Reputation: 79
As seen in the snippet, I have a Regex that should identify any empty lines. (I'm aware I can just do /n/n, but it doesn't suit my purposes). I've tested it in a word editor, and it picks up every new line when using the find tool. But in JS, I'm still getting the entire file. What am I missing, here?
const mockData = `This is some fake data
with multiple sentences
and line breaks`;
const newArr = mockData.split(/^\s*$/);
console.log(newArr[0]);
Upvotes: 0
Views: 47
Reputation: 29115
You have a multiline string but aren't using the m
(multiline) flag. Without it ^
and $
match the start/end of the entire string, so you'd only split if the entirety of the string was composed of whitespace:
//multiline - all whitespace
const mockData = `
`;
const newArr = mockData.split(/^\s*$/);
console.log(newArr);
Using the m
flag, the ^
and $
characters instead match start/end of each line. So now the regex works to split on lines that are either empty or composed of newline characters:
const mockData = `This is some fake data
with multiple sentences
and line breaks`;
const newArr = mockData.split(/^\s*$/m);
console.log(newArr);
If you intend to split at newlines and empty lines leaving no blanks, then you can eschew the ^
and $
characters entirely, since they are actually more trouble. The engine might do a split before a newline because that's the end of the line $
. So, instead of trying to get around that with more regex, just split on whitespace + a newline or newline + whitespace.

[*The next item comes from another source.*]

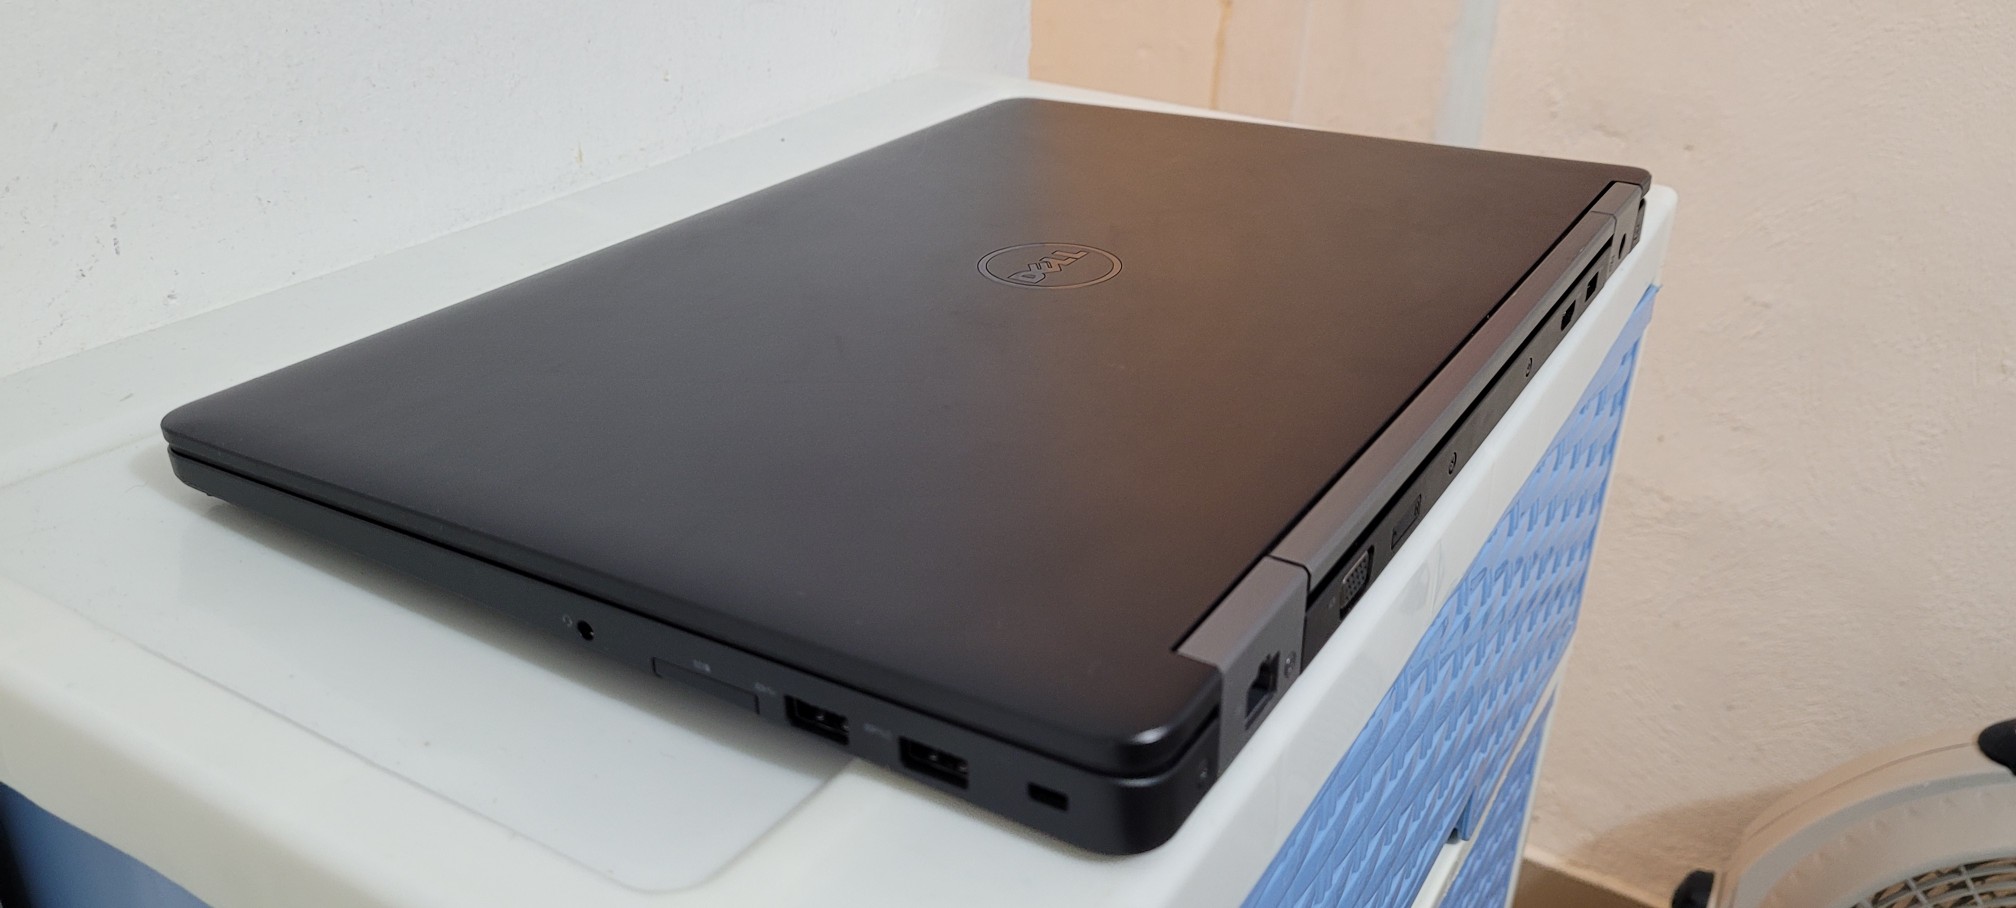 computadoras y laptops - Dell Gamer 17 Pulg Core i7 6ta Ram 16gb ddr4 Video intel 8gb Y Aty Radeon 2gb 2
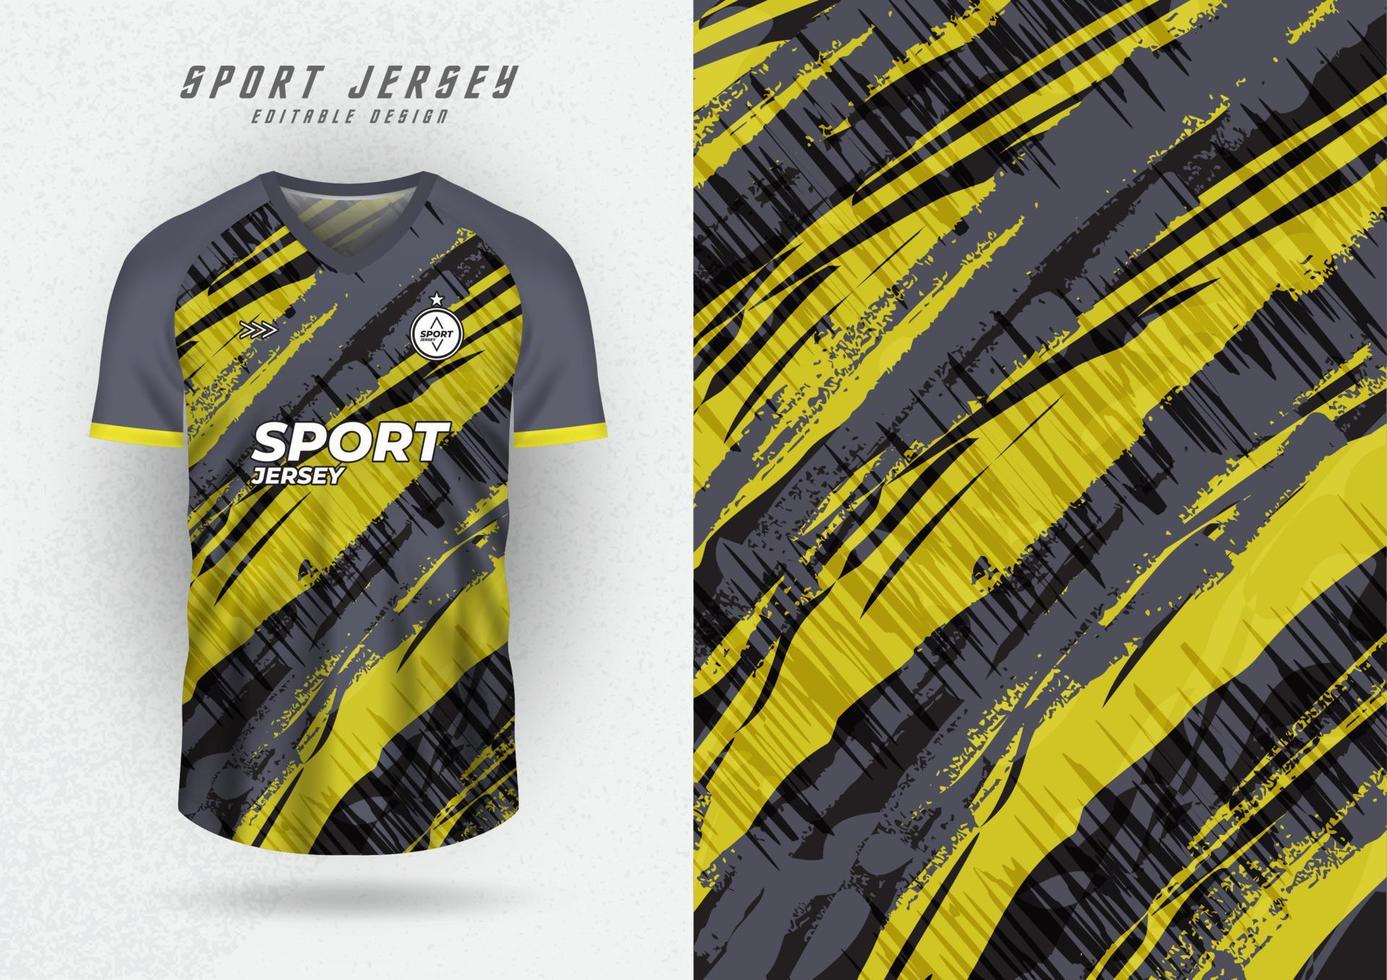 maquette d'arrière-plan pour les maillots de sport, les maillots de course, les chemises de course, le motif incliné jaune-gris pour la sublimation. vecteur

const mockData = `This is some fake data
with multiple sentences
and line breaks`;
const newArr = mockData.split(/\s*[\r\n]+|[\r\n]+\s*/);
console.log(newArr);
With this you don't need to use the multiline flag, since you never use the behaviour it introduces.
Also, I should note that [\r\n]+
is a slight cheat on my part. The end of line characters are either \r\n
or just \n
, you very likely will never encounter a simple \r
. However, the proper regex then is \r?\n
which I find ugly, especially if you try to repeat it - (\r?\n)+
. A character class is ever so slightly inaccurate yet in a way that should never have any effect on accuracy.
Upvotes: 1
Reputation: 178422
Using the multiline flag works better
const newArr = mockData.split(/\s*$/m);
Take your pick
const re1 = /^\s*|\s*$/m
const re2 = /^\s*$/m
const re3 = /\s*$/m
const mockData = `This is some fake data
with multiple sentences
and line breaks`;
const newArr1 = mockData.split(re1);
console.log(JSON.stringify(newArr1))
const newArr2 = mockData.split(re2);
console.log(JSON.stringify(newArr2))
const newArr3 = mockData.split(re3);
console.log(JSON.stringify(newArr3))
Upvotes: 0